*Listed entries*:
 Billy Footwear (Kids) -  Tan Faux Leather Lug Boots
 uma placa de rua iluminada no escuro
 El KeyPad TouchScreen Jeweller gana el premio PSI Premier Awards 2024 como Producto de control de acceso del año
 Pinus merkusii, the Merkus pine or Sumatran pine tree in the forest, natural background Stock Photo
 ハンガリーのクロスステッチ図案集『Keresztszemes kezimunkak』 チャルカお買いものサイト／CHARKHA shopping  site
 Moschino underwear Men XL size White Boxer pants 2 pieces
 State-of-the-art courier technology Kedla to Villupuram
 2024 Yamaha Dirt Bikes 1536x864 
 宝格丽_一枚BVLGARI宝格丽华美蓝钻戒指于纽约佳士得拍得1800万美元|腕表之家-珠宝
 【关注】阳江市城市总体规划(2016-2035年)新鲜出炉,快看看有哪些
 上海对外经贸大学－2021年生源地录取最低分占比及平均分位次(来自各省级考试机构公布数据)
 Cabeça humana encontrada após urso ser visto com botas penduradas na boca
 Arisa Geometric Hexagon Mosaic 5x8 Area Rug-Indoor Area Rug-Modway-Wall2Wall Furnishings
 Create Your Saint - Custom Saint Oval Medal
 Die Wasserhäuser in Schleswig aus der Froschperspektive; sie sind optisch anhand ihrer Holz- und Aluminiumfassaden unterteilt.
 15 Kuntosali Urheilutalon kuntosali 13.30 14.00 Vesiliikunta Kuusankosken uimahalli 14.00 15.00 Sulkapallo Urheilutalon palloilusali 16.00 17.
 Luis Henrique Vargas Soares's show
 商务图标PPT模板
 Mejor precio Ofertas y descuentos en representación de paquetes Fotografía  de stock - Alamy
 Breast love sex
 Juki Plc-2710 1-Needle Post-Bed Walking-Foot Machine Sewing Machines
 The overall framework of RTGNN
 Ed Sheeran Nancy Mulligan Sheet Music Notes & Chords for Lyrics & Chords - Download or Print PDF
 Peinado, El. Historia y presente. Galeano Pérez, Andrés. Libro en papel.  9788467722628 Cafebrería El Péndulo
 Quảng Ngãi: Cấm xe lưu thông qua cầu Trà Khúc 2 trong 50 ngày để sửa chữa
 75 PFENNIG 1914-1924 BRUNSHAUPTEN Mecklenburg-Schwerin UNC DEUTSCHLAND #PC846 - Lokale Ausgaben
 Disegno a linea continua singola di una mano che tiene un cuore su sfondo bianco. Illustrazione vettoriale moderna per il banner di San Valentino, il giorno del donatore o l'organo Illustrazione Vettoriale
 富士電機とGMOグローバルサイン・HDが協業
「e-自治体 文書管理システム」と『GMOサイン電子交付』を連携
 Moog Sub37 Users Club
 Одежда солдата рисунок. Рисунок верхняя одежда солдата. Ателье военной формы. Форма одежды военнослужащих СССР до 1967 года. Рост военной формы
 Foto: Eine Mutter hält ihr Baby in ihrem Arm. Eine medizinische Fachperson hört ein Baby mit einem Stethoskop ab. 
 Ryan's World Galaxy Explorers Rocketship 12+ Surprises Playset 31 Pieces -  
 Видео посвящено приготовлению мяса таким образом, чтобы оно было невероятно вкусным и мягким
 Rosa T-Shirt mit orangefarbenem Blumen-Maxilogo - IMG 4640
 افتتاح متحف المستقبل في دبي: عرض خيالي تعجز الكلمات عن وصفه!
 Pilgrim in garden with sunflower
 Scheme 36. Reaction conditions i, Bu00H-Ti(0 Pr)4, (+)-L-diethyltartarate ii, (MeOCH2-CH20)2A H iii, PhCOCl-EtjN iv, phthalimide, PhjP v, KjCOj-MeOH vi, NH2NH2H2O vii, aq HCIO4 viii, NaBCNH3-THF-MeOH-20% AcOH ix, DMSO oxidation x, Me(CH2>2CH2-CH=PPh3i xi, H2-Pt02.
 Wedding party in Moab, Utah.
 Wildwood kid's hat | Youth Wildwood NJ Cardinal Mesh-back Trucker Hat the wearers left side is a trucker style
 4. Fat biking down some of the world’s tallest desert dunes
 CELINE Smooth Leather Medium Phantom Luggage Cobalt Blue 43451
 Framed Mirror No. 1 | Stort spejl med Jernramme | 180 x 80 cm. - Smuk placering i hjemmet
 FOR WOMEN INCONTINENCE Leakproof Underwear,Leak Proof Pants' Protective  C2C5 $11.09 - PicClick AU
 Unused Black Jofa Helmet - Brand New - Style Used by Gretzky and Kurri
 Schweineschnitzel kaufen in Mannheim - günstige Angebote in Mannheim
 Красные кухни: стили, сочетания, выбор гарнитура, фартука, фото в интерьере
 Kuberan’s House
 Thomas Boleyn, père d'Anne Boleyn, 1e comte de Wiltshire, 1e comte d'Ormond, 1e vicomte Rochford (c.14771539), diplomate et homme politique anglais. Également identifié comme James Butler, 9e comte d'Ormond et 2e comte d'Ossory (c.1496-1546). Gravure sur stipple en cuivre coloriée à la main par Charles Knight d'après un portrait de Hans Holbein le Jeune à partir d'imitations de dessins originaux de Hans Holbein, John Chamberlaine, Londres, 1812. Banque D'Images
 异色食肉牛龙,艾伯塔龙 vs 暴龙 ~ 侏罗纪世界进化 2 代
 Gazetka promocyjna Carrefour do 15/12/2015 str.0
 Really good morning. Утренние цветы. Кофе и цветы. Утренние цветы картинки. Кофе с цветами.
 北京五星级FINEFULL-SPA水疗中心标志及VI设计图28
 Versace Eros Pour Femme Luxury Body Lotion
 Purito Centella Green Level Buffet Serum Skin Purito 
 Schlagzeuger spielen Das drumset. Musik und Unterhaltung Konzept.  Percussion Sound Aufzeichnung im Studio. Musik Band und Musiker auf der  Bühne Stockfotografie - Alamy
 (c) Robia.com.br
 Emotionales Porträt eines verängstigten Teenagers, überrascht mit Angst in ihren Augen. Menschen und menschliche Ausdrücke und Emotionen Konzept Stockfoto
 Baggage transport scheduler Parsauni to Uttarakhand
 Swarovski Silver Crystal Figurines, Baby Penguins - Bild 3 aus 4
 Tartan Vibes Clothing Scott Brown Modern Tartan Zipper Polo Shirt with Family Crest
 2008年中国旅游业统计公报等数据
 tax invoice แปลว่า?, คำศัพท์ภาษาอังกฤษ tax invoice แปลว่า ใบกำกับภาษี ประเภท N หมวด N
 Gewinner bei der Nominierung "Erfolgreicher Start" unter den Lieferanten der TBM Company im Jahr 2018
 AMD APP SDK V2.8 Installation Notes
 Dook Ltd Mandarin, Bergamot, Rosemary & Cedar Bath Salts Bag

*Task requirements*: Print exactly, and only, the lines beginning at the top of the listing and ending at the line with "El KeyPad TouchScreen".

*Reply*:
 Billy Footwear (Kids) -  Tan Faux Leather Lug Boots
 uma placa de rua iluminada no escuro
 El KeyPad TouchScreen Jeweller gana el premio PSI Premier Awards 2024 como Producto de control de acceso del año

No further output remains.